START Dataset excerpt

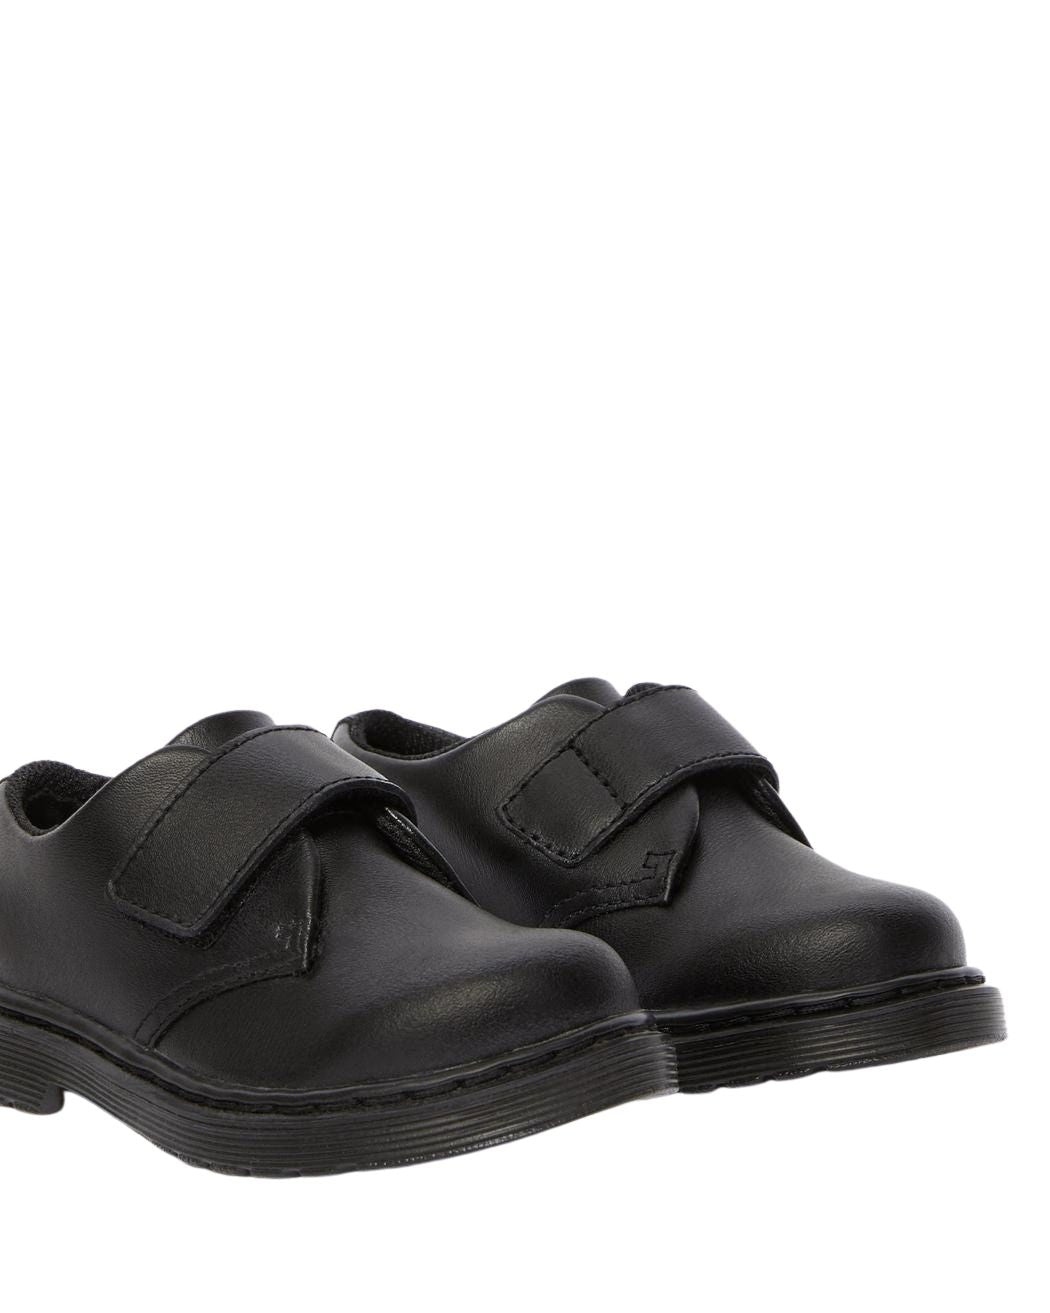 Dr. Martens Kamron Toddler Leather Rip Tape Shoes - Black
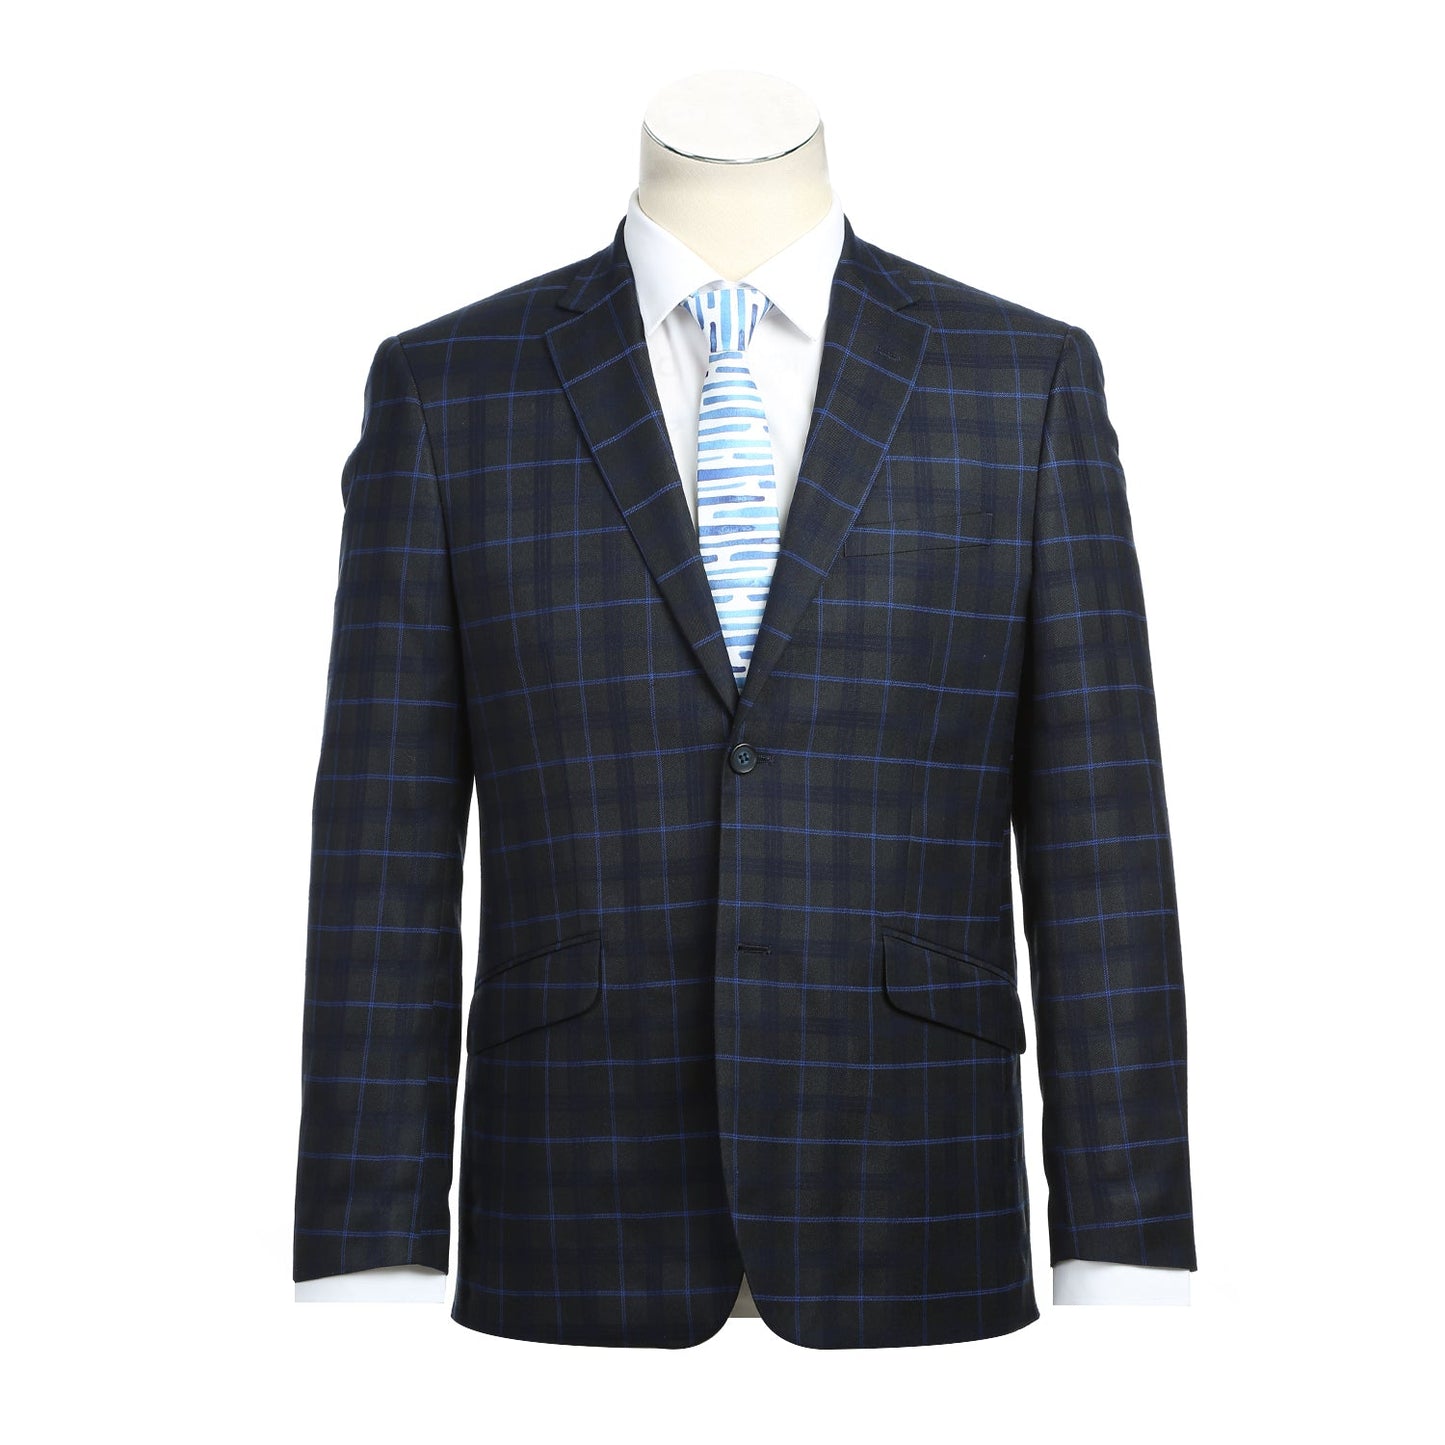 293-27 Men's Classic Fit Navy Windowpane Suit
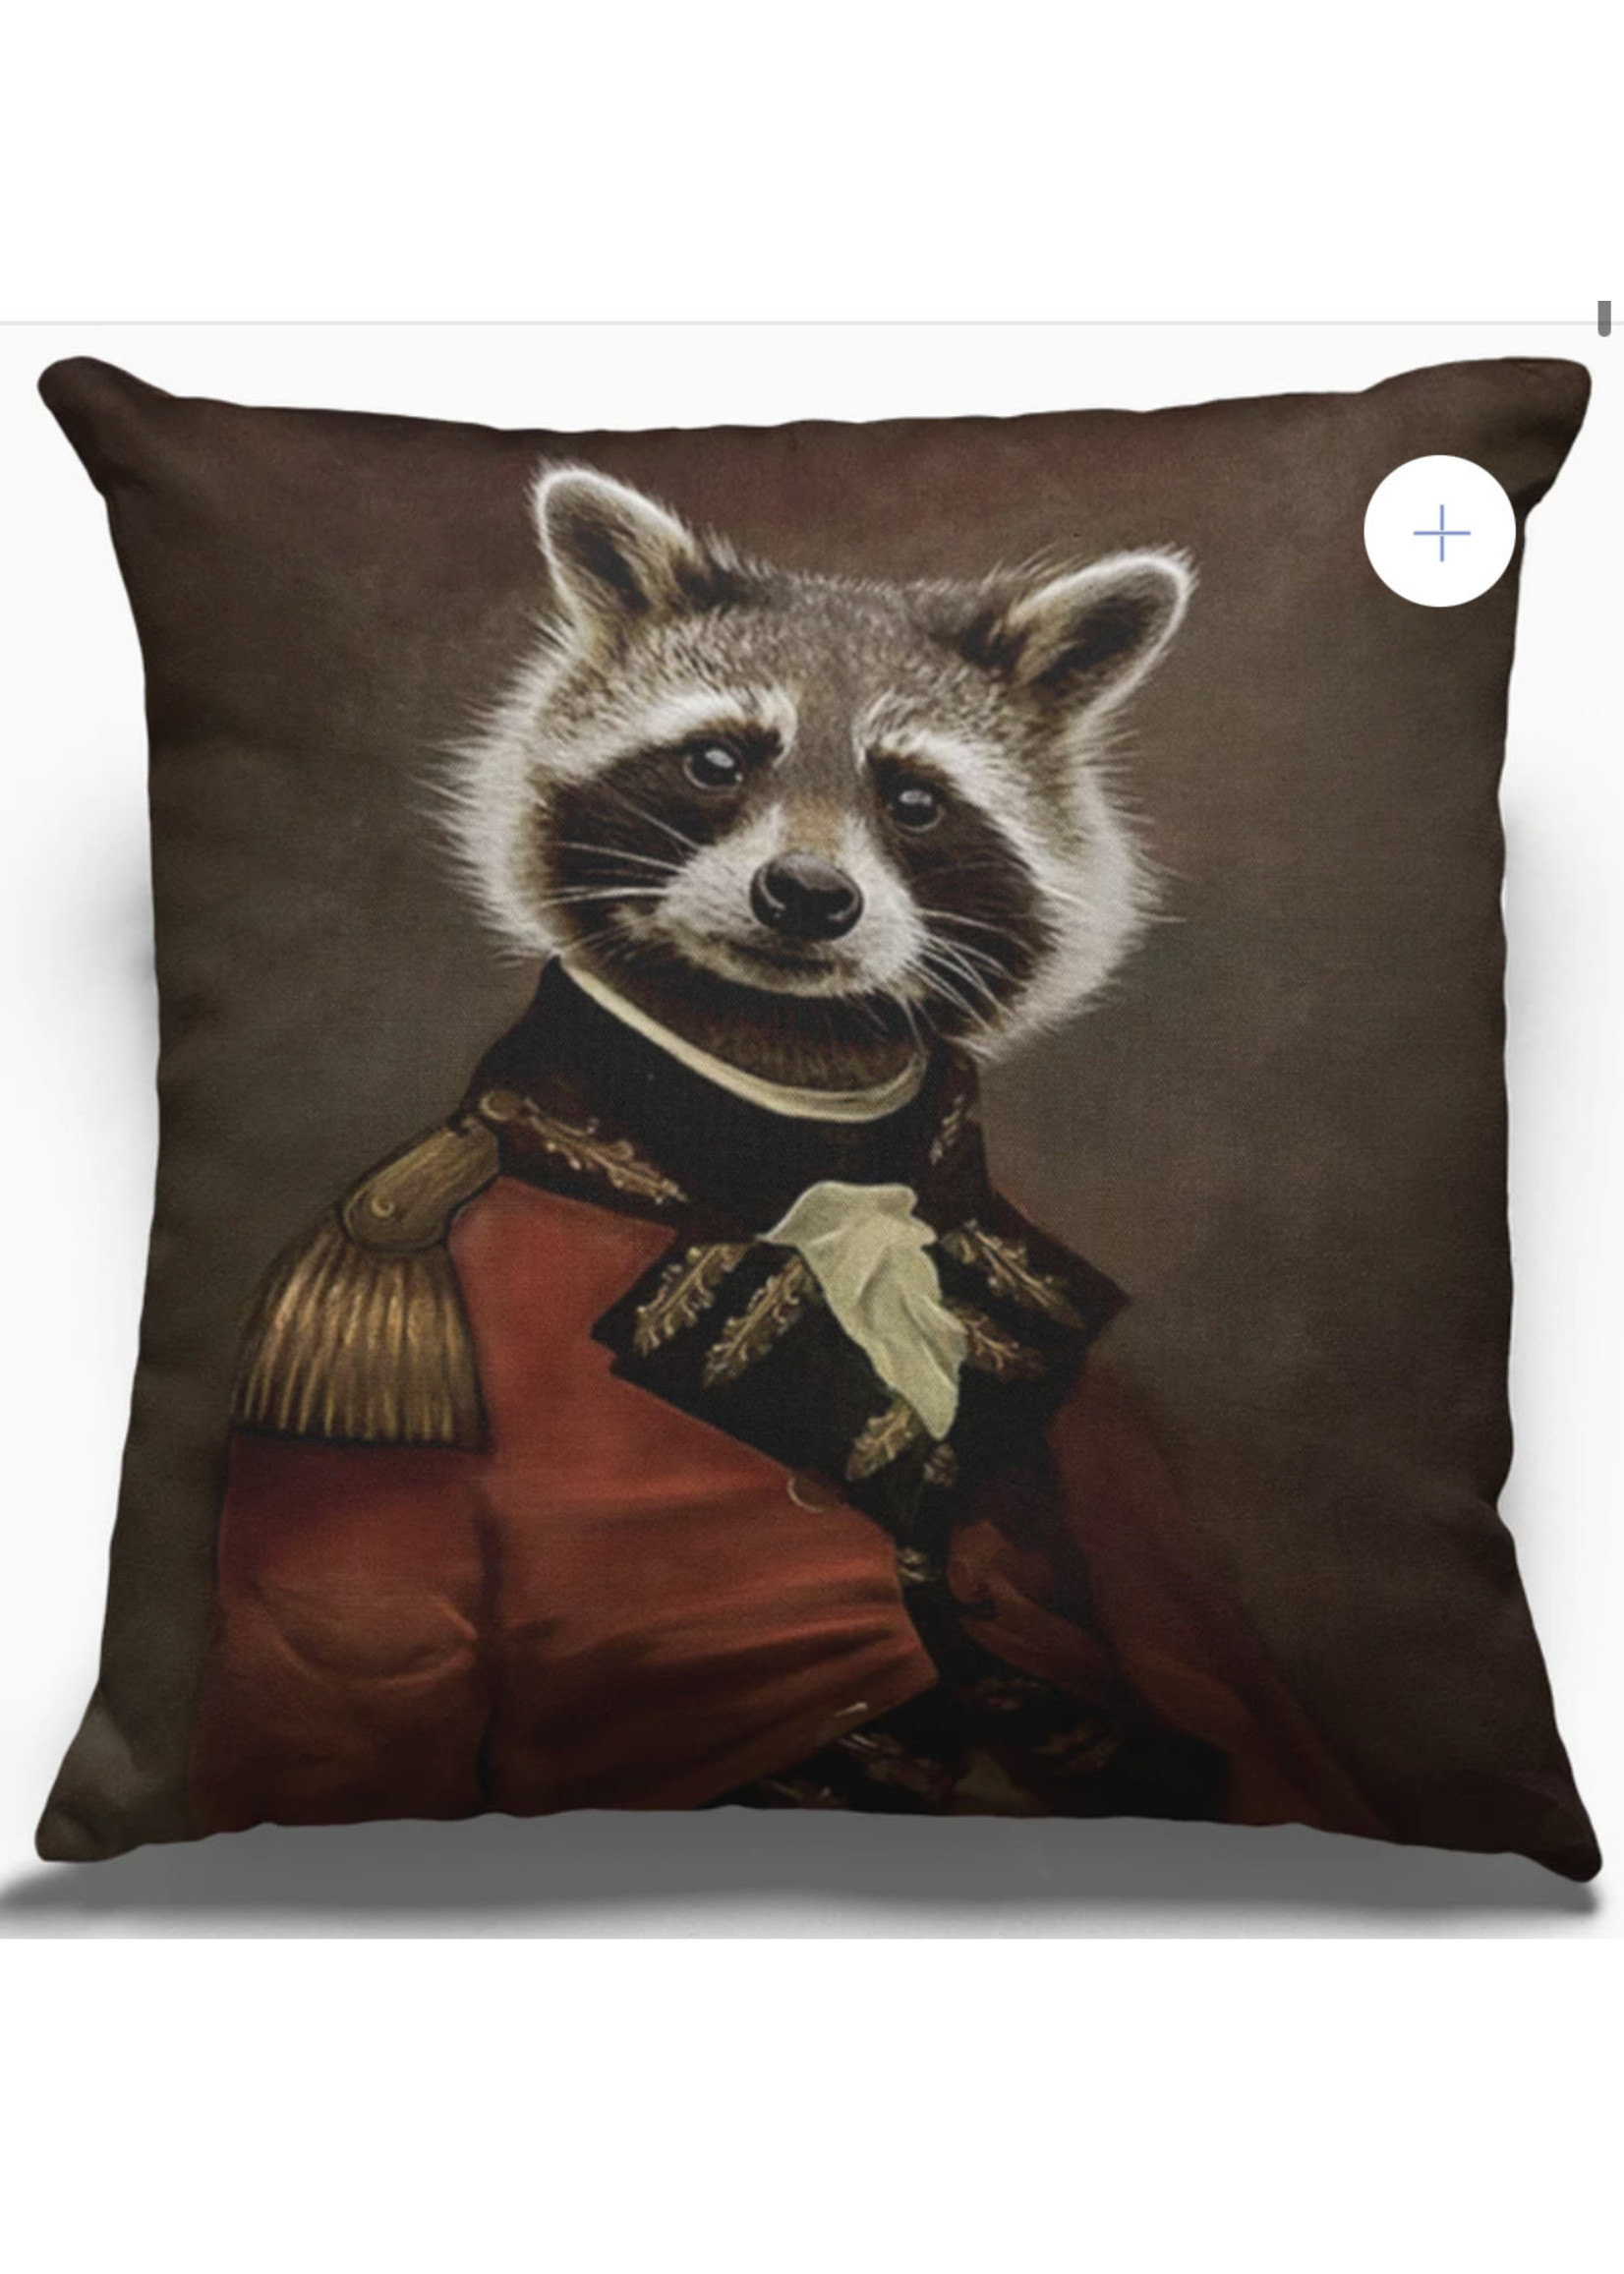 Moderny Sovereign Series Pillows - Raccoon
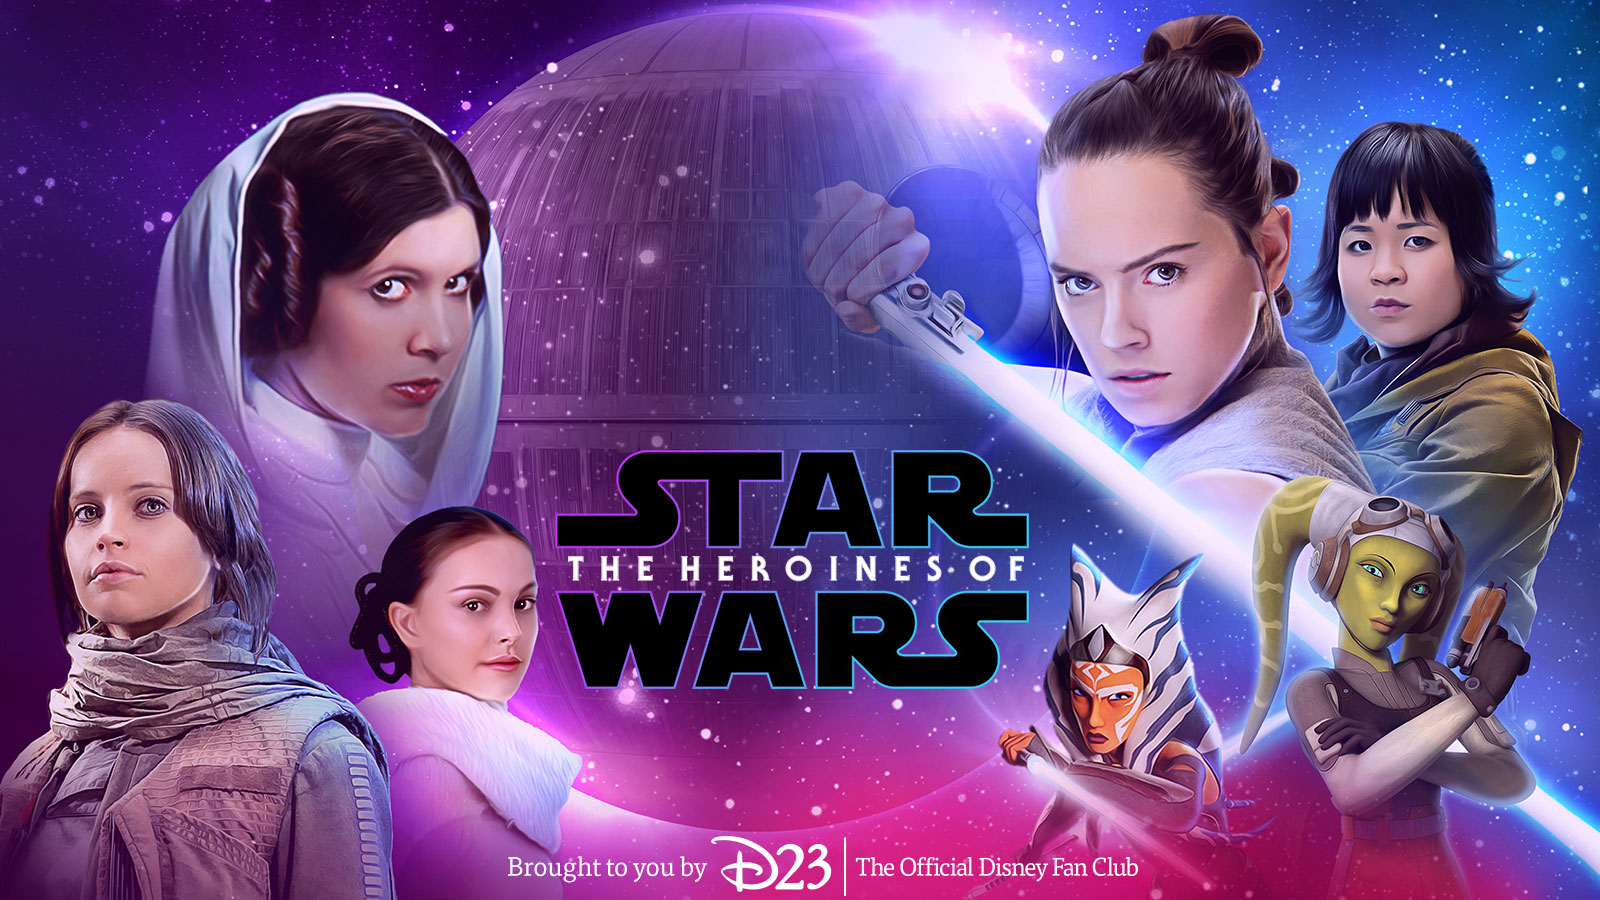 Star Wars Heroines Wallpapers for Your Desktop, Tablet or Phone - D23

END Dataset excerpt

- _Problem_
In the listing, find the line containing "Moderny Sovereign Series Pillows - Raccoon" and repeat it and every later line through the last one, word for word, excluding the pictures.

- _Reply to the exercise_
 Moderny Sovereign Series Pillows - Raccoon
 Star Wars Heroines Wallpapers for Your Desktop, Tablet or Phone - D23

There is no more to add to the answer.